Listeriosis is often treated with antimicrobials. The most favored treatment consists of using a combination of ampicillin and an aminoglycoside [42]. However the use of vancomycin in place of ampicillin is acceptable as well. Another treatment is the use of trimethoprim-sulfamethoxazol (TMP-SMZ) and rifampin. Cephalosporins, which are typically used for treatment of meningitis, are not effective for treating listeriosis because of L. monocytogenes resistance to this drug. However cephalosporins can be used in combination with ampicillin for listerial meningitis [75]. Overall, antimicrobial treatment against listeriosis can be slow and may even be untreatable or persistant [85].

However remaining vigilant about monitoring the pathogen is also important. This can be demonstrated by examining the way outbreaks are analyzed. PFGE patterns show which strains are likely responsible for an outbreak by matching the genomic patterns from clinical samples to suspected foods which may be vehicles of transmission. With the cooperation and standardization of laboratories performing the analysis, this becomes a rapid method for determining the source of infection by sharing of information and perhaps limiting the number of infections and subsequent deaths [38].

Characterization of the Organism

Phenotyping and genotyping methods to discriminate bacterial strains are valuable tools which have different levels of discriminatory power. These methods are able to provide information on strains which may be responsible for an outbreak, or to identify the relationship between isolates implicated in an outbreak, and also to help determine a source of transmission for an outbreak.

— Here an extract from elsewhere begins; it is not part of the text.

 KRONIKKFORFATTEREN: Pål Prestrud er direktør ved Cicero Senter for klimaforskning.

Serotyping is based on the antigenic determinations expressed on the cell surface of the organism. These antigens are produced by lipoteichoic acids, membrane proteins, and extracellular organelles such as fimbriae and flagella [82]. Different strains of L. monocytogenes express different antigenic determinations, thus each strain can be serologically identified.

Listeria strains are separated based on flagellar (H) and somatic (O) antigens resulting in more than 13 serotypes [82, 38]. Genotypic analysis generally group Listeria into two main lineages, Lineage I and II while it is believed that there may be a third subgroup, Lineage III, as well.

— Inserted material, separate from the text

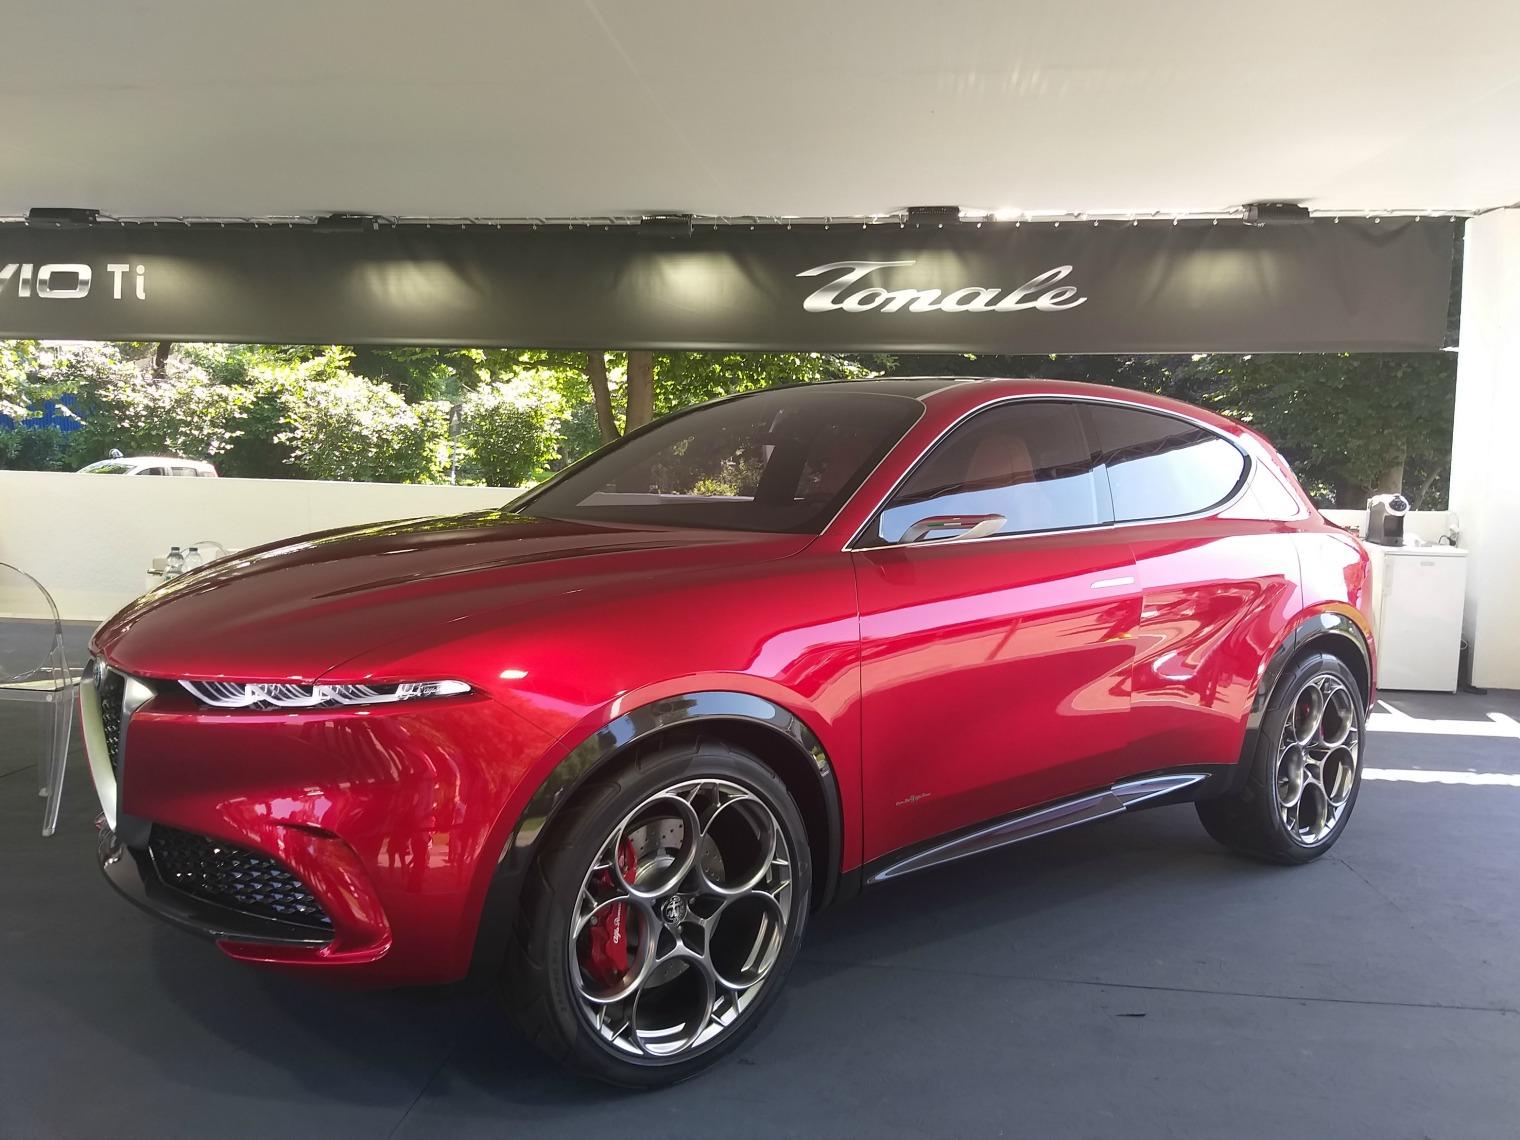 nuova Alfa Romeo Tonale Parco Valentino 2019

Lineage I includes serotypes 1/2a, 1/2c, 3a, and 3c 1, Lineage II includes serotypes 1/2b, 3b, 4b, 4d and 4e while serotypes 4a and 4c have been grouped with the third less common Lineage III [66, 37, 13]. The three serotypes which most commonly cause disease (> 95%) are 1/2a, 1/2b and 4b [60]. Although serotype 4b is most frequently implicated in foodborne diseases, it is serotype 1/2a which is most frequently isolated from foods [34].

Historically, serotyping of Listeria by antiserum has shown to be unreliable. A study by [76] and the World Health Organization (WHO), demonstrated that different laboratories using antiserum serotyping methods, either could not 100% correctly identify or 100% agree on the correct serotype of all the given isolates [76]. In addition, serotyping with antiserum has been shown to have less discriminating power than other methods.

For example, a Mismatch Amplification Mutation Assay (MAMA) using mismatched PCR primers targeting different sites in the hly gene was developed to rapidly screen L. monocytogenes isolates into their respective phylogenetic divisions [43]. Other methods such as one using PCR primers which target select sequences in the four major serotypes to adequately differentiate them have also been recently developed. The results obtained with the PCR primers agree significantly enough with the traditional slide agglutination method [9] that perhaps this can one day be a standardized method.